__WHAT YOU WILL DO__:
Images do not belong in the copy; retype the rest of the entries below exactly.

· · · · · · ·

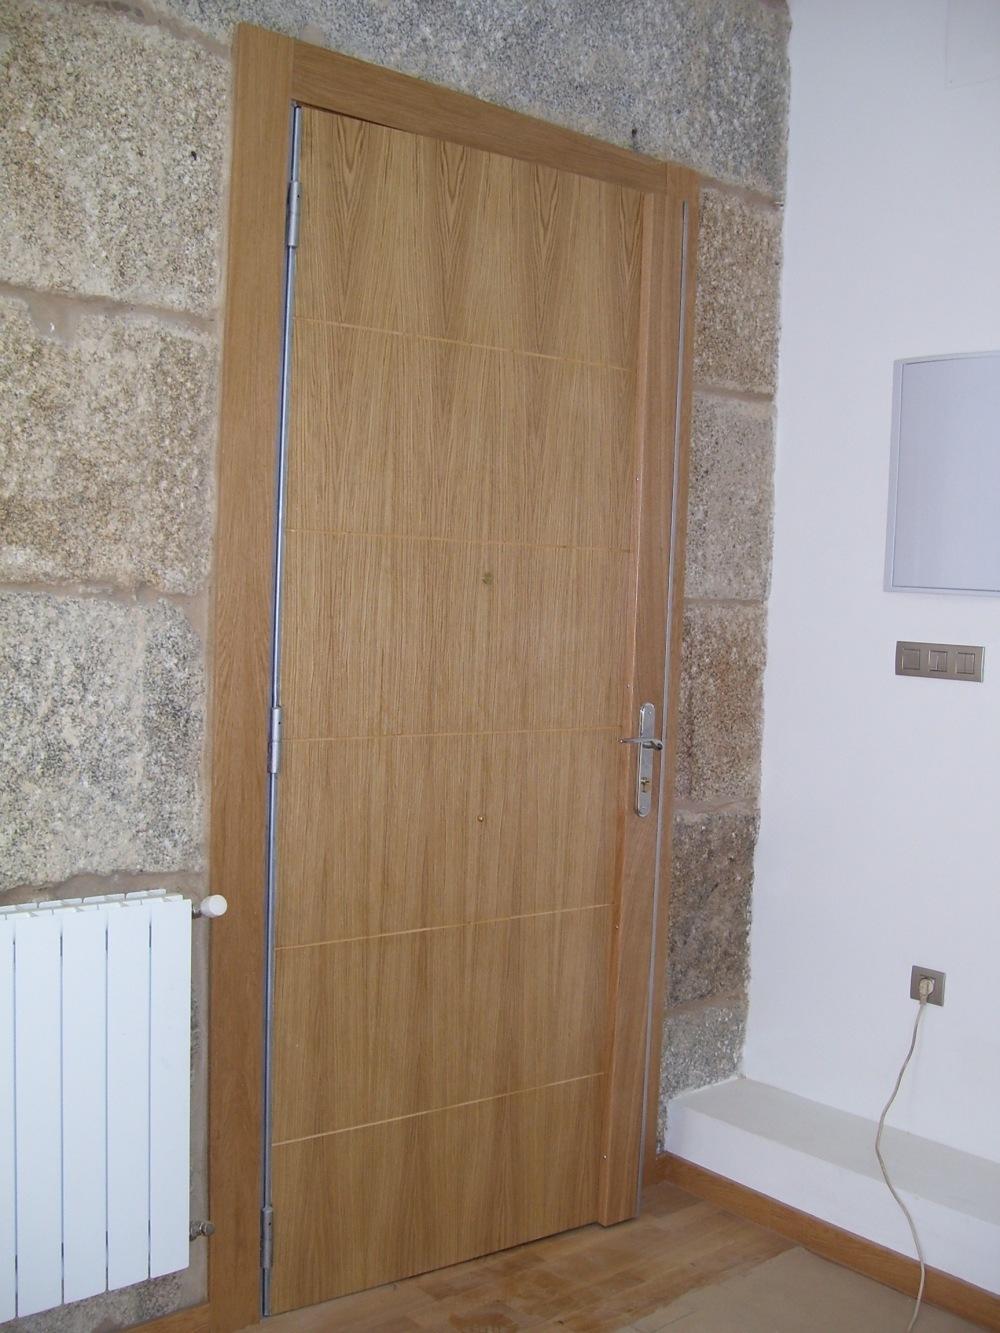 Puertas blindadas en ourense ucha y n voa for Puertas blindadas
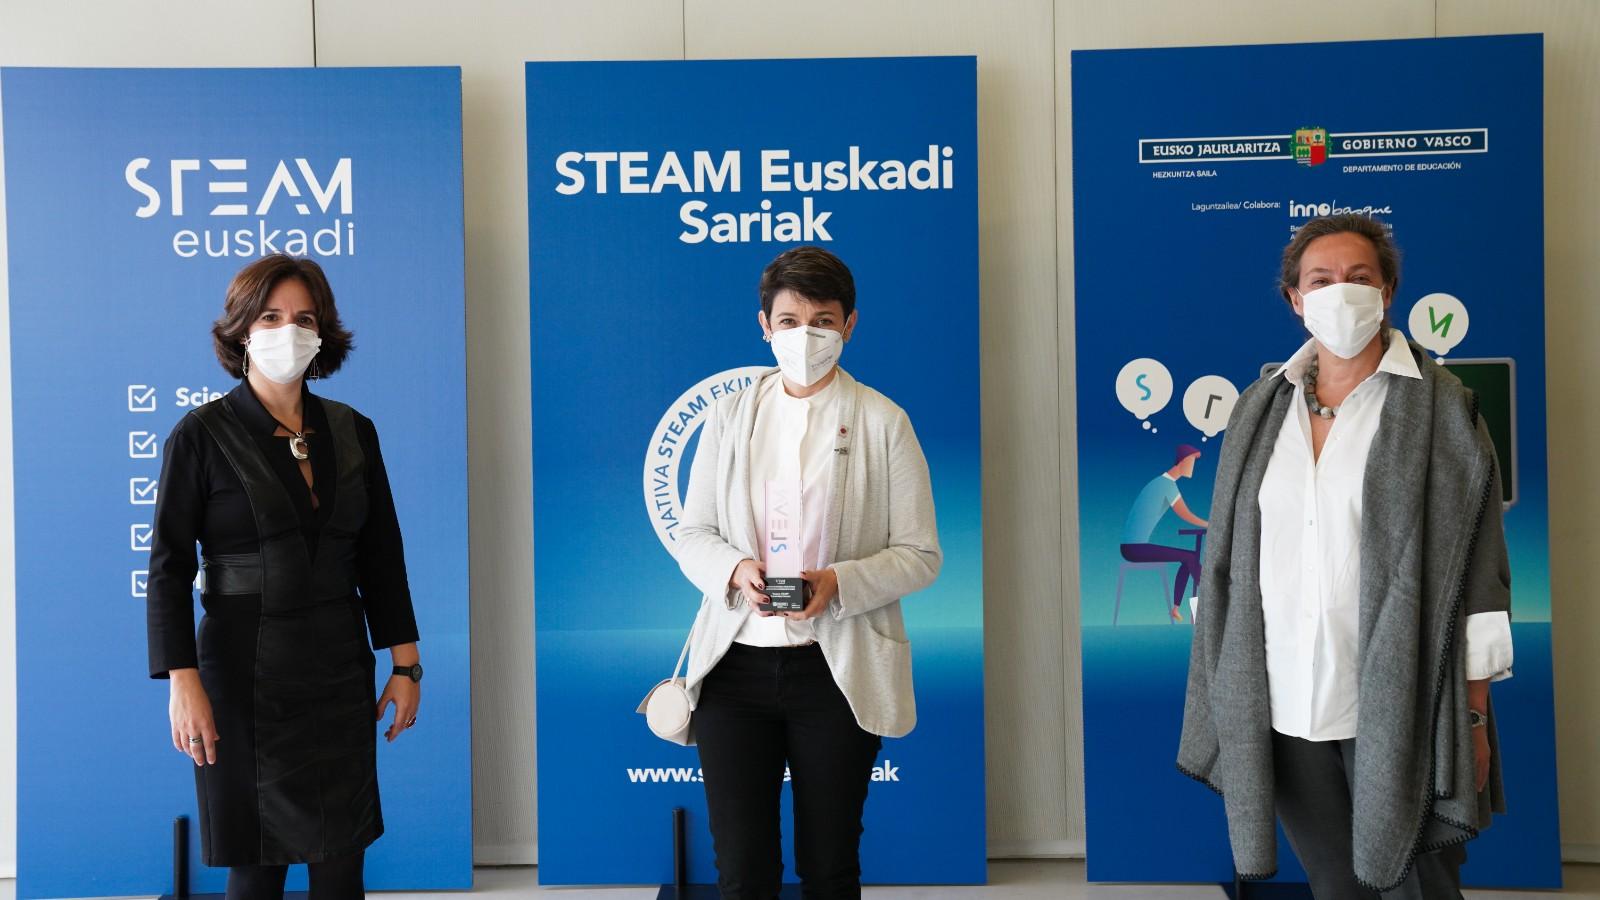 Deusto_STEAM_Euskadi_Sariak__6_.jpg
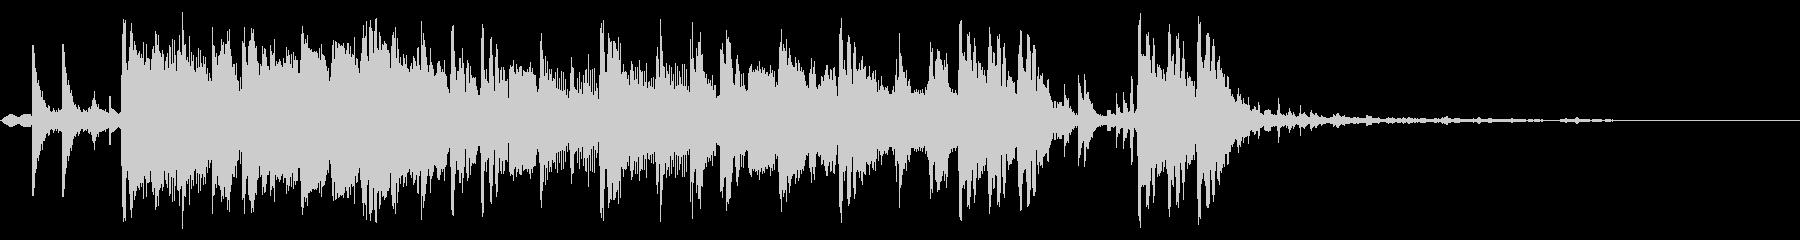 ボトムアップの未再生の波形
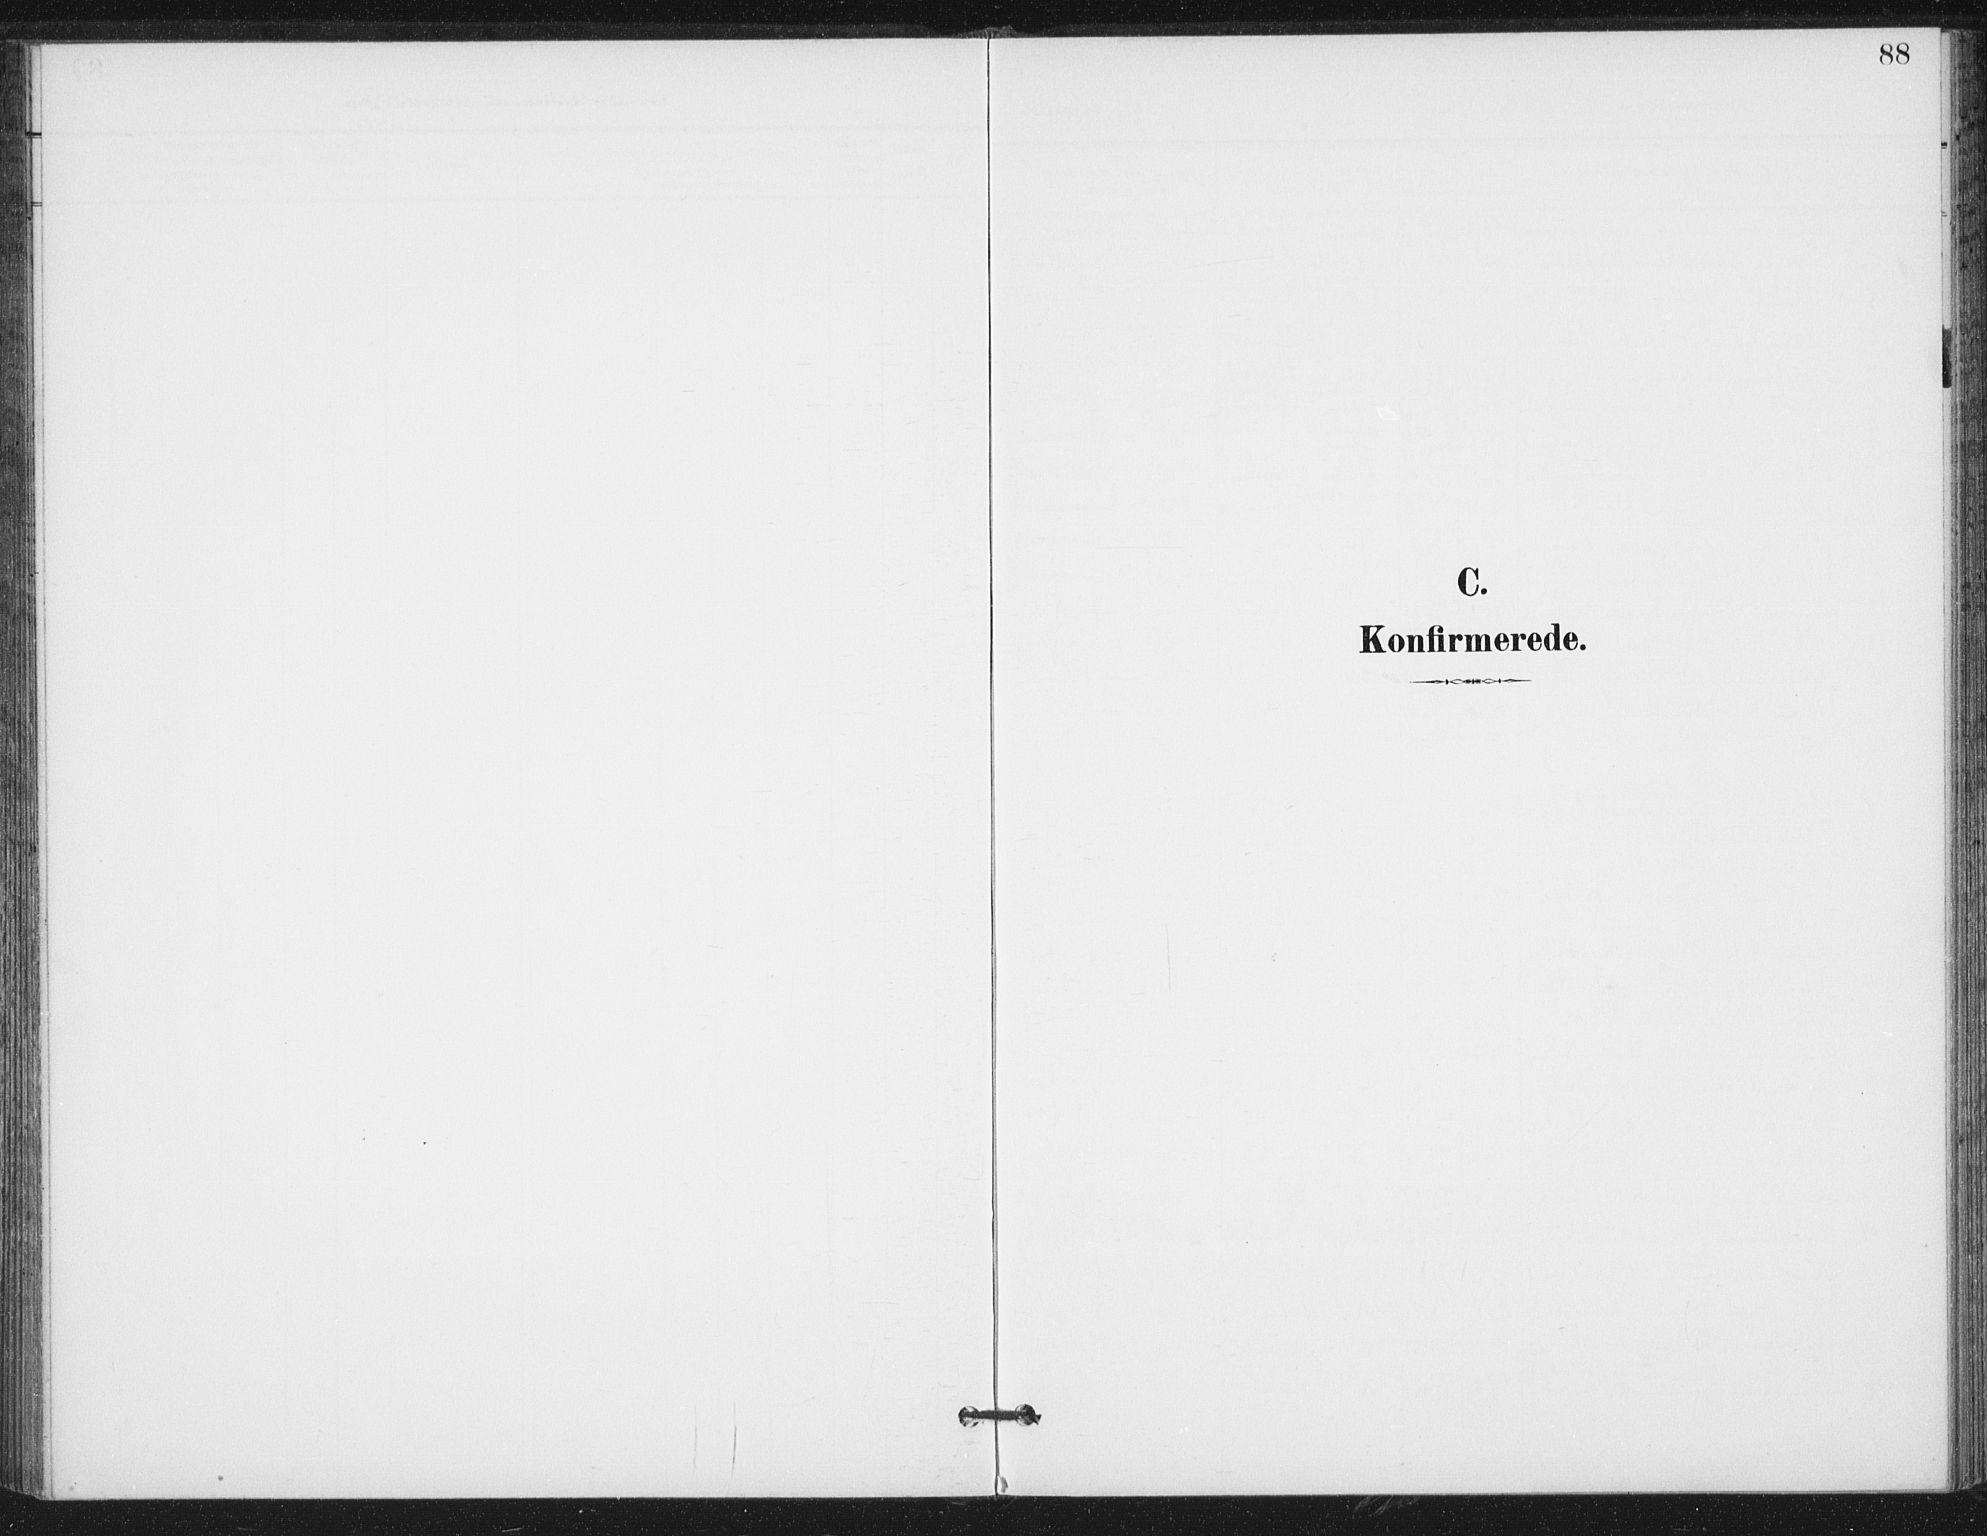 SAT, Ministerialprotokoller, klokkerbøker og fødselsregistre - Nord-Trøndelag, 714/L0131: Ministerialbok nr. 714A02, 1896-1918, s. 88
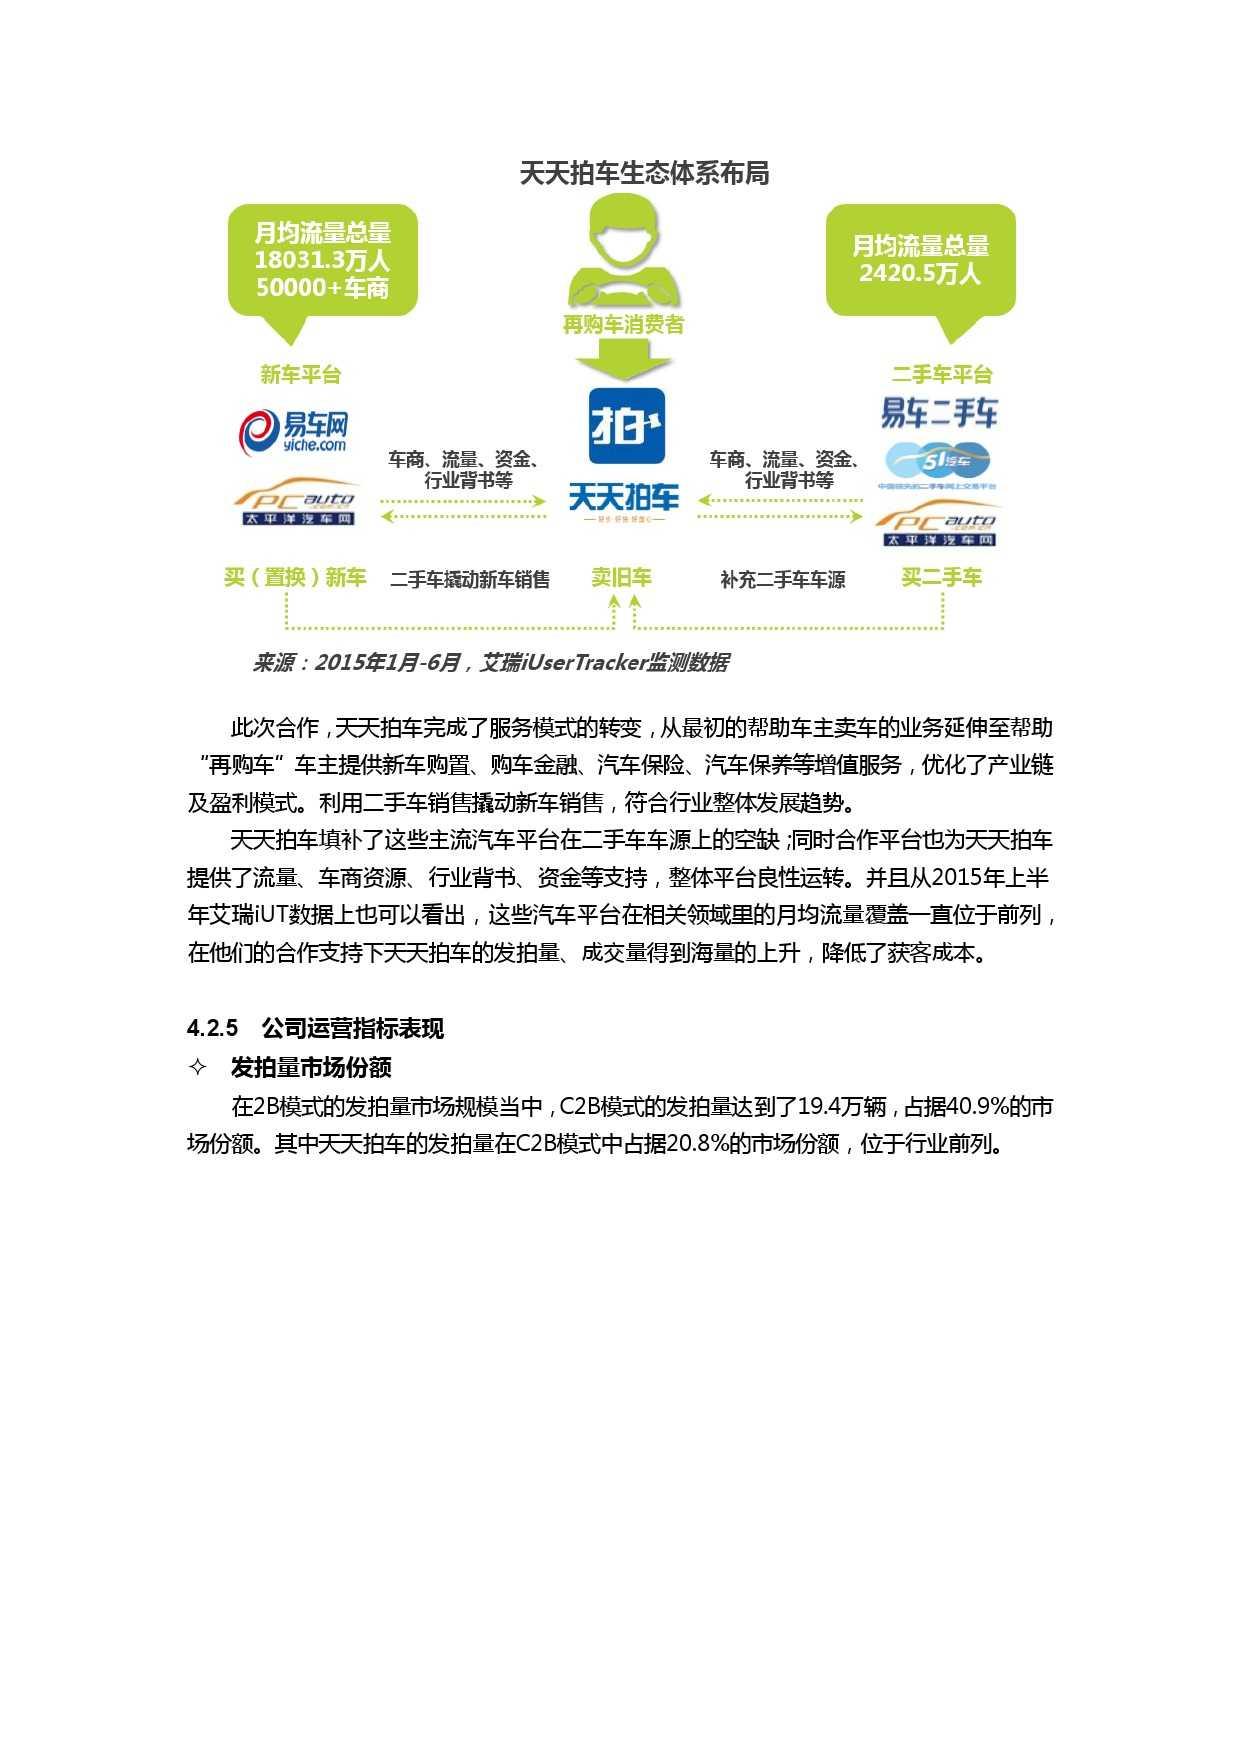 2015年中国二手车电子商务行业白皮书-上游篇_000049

· · · · · · ·

__RESPONSE AREA__:
 Puertas blindadas en ourense ucha y n voa for Puertas blindadas
 Deusto_STEAM_Euskadi_Sariak__6_.jpg
 ボトムアップの未再生の波形
 SAT, Ministerialprotokoller, klokkerbøker og fødselsregistre - Nord-Trøndelag, 714/L0131: Ministerialbok nr. 714A02, 1896-1918, s. 88
 2015年中国二手车电子商务行业白皮书-上游篇_000049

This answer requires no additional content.